Defining an Ord instance for Maybe datatype

Question

Is this a minimal complete definition of an Ord instance for Maybe datatype ? Is it correct ?

instance Ord (Maybe a) where
  compare (Just x) (Just y) | x < y     = LT
                            | x > y     = GT
                            | otherwise = EQ
  compare _        _                    = LT

instance Ord (Maybe a) where
  (Just x) <= (Just y) = x <= y
  _            _       = False

Answer 1

Is it complete in the sense that it covers all possible pattern cases? Sure; you have a catch-all at the end of both definitions. However, it's not a very good Ord instance, given that it violates the constraints set forth in the documentation.

Transitivity

if x <= y && y <= z = True, then x <= z = True

Reflexivity

x <= x = True

Antisymmetry

if x <= y && y <= x = True, then x == y = True

In particular, your second proposed relation is not reflexive, since Nothing <= Nothing is false. Your first relation is going to behave even more oddly, since Nothing <= Nothing will return true but Nothing >= Nothing will return false.

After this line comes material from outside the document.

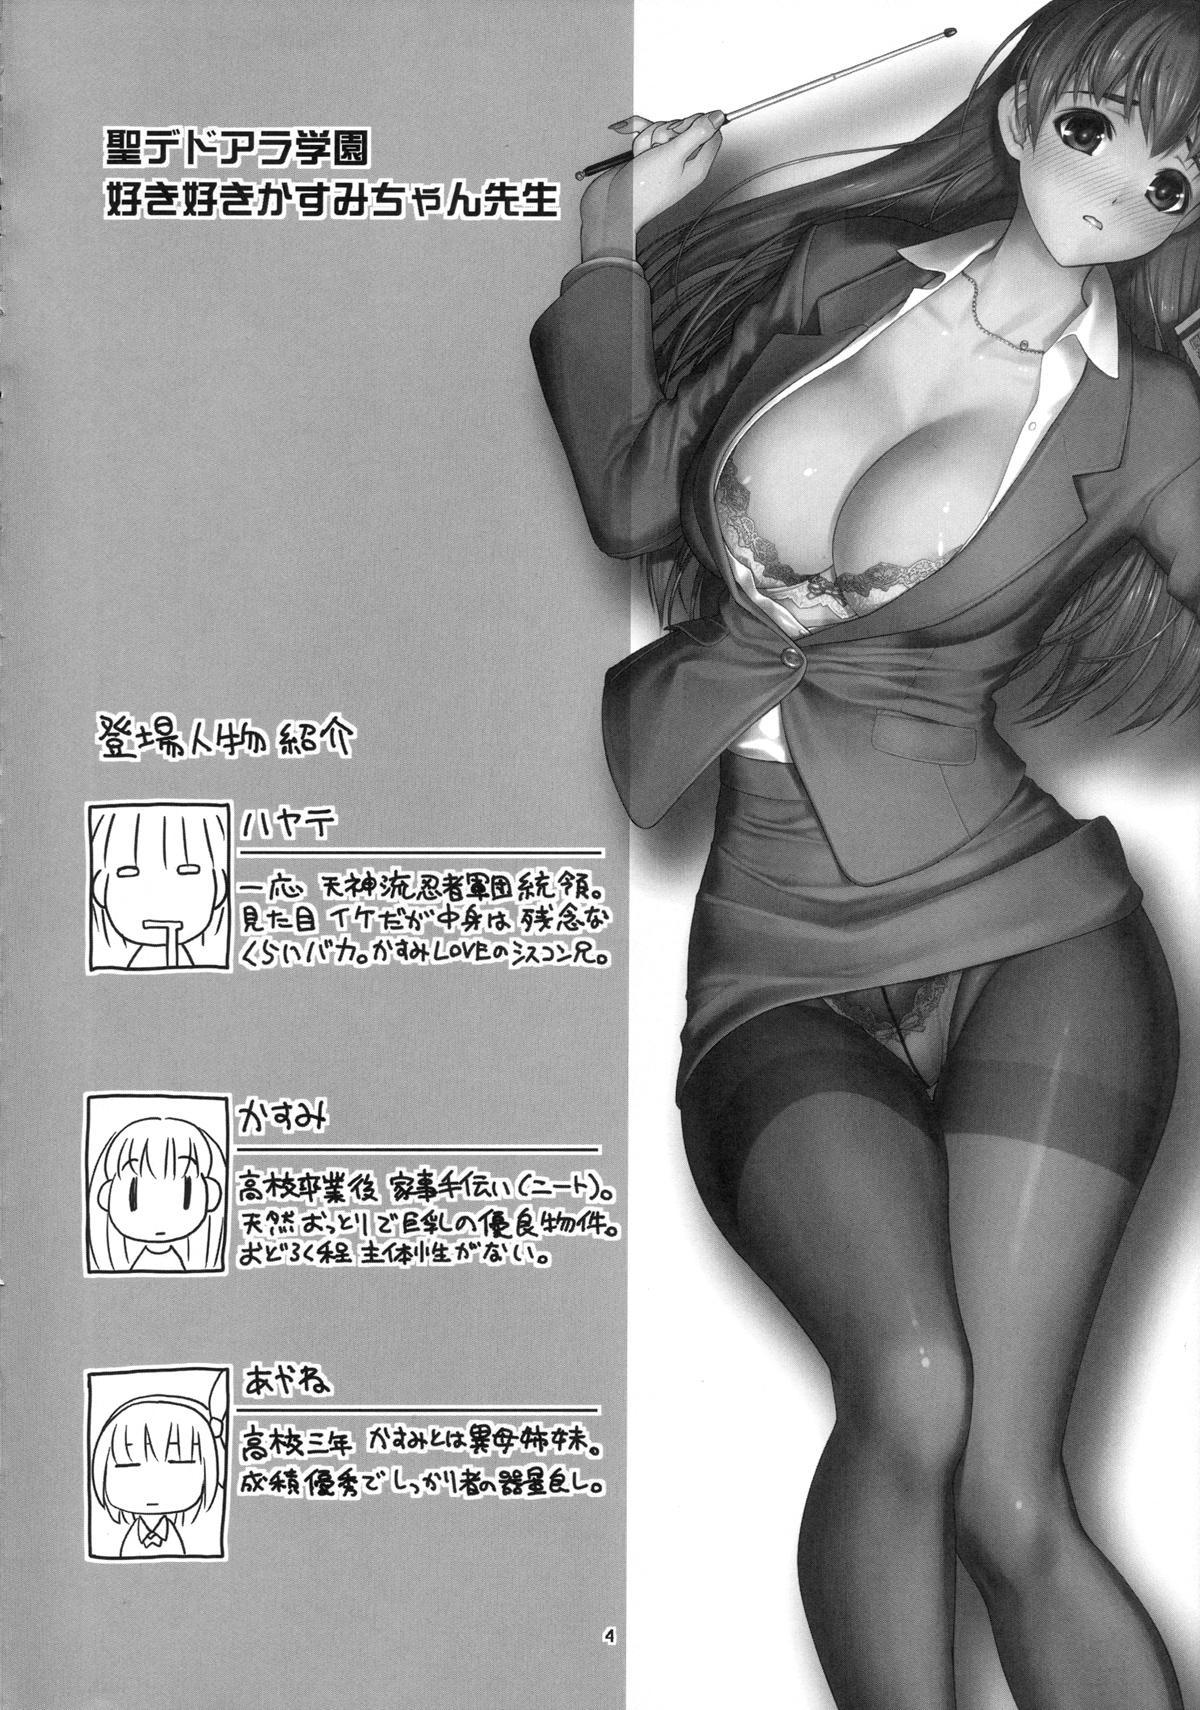 St. Dead or Alive Highschool - Love Love Kasumi Chan Teacher 2

The built-in Ord instance for Maybe observes that Maybe a is isomorphic to a, plus an extra value we call Nothing, so it simply defines Nothing to be the minimum value for the ordering. The existing relation is equivalent to the following

instance Ord a => Ord (Maybe a) where
    compare Nothing Nothing = EQ
    compare Nothing (Just _) = LT
    compare (Just _) Nothing = GT
    compare (Just x) (Just y) = compare x y

Or, written in terms of <=,

instance Ord a => Ord (Maybe a) where
    Nothing <= _ = True
    Just _ <= Nothing = False
    Just x <= Just y = x <= y